Nestlé’s CEO Bulcke: Maggi noodles are ‘safe’

Nestlé chief Paul Bulcke said on Wednesday that he wanted to see its hugely popular Maggi brand of instant noodles back on the Indian market as soon as possible after it was banned over a health scare.

Nestlé's CEO Bulcke: Maggi noodles are 'safe'
Nestlé CEO Paul Bulcke. Photo: AFP

India's food safety regulator on June 5th banned the product after tests that it said showed the noodles contained excessive levels of lead.
   
“The only thing that interests me is to have the product back as soon as possible and that things are cleared up,” he told AFP in an interview while visiting the Milan expo.
   
“We are doing all we can to make contact with Indian authorities at the earliest,” he said, adding: “The product is safe.”
   
Asked about the possible impact of the ban on jobs in India, he said production would resume “if we can resolve this fast.”
   
On Monday, the Swiss food giant said that the ban had led to 3.2 billion rupees ($50.5 million) worth of goods being withdrawn.
 
 A Nestlé spokesman said it was the biggest ever withdrawal of a product by the company.

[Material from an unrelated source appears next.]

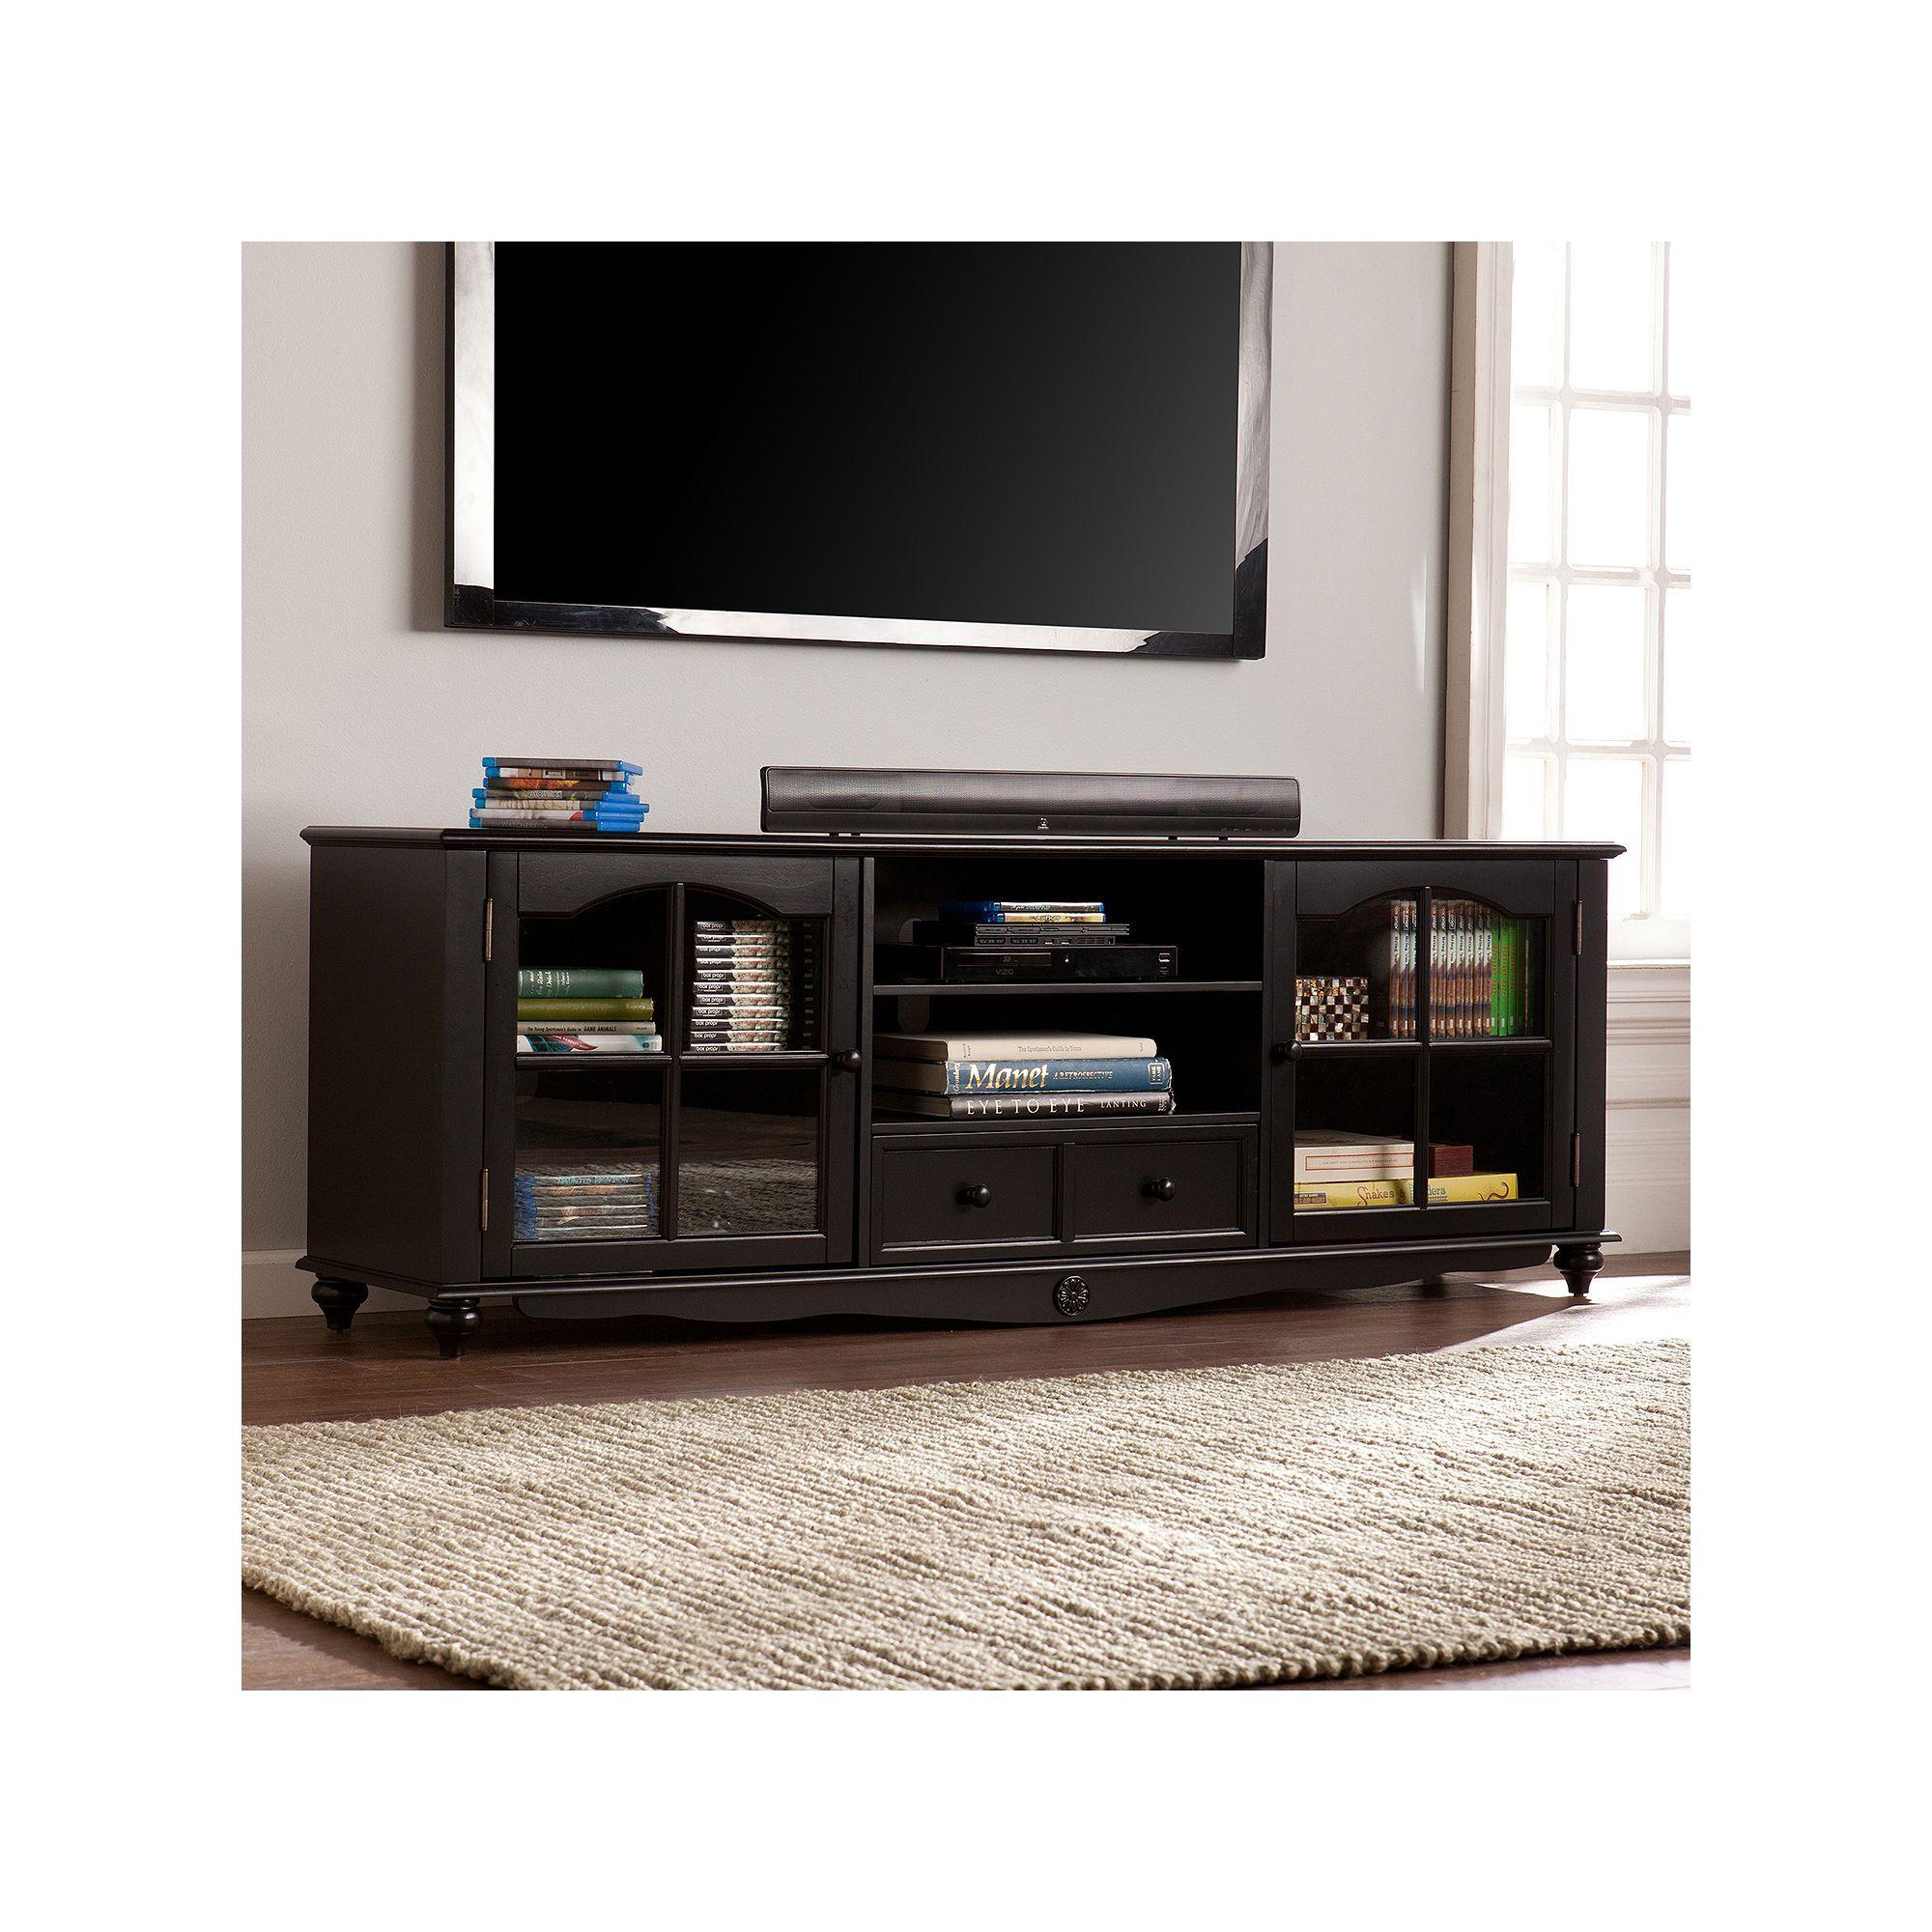 Furniture of America Sloan Industrial 70-inch Wood TV Stand in Vintage Walnut

The world's biggest food company is challenging the June 5th order from the government's food safety regulator and is in the process of destroying more than 27,000 tonnes of Maggi noodles after halting production.
   
The company had already announced it was pulling the product from sale when the Food Safety and Standards Authority of India imposed a ban following similar moves by some state governments.
   
Nestlé does not give a breakdown of sales per brand but Jon Cox, an analyst at Kepler Cheuvreux, put it at around three billion Swiss francs a year.
   
The safety scare is a huge blow to the company, which has been selling its Maggi products for more than three decades in India, and has 80 percent of the country's instant noodle market.
   
Maggi scored as one of India's five most trusted brands in a consumer survey conducted last year.
   
Several celebrities have endorsed Maggi over the years, including Bollywood superstar Amitabh Bachchan.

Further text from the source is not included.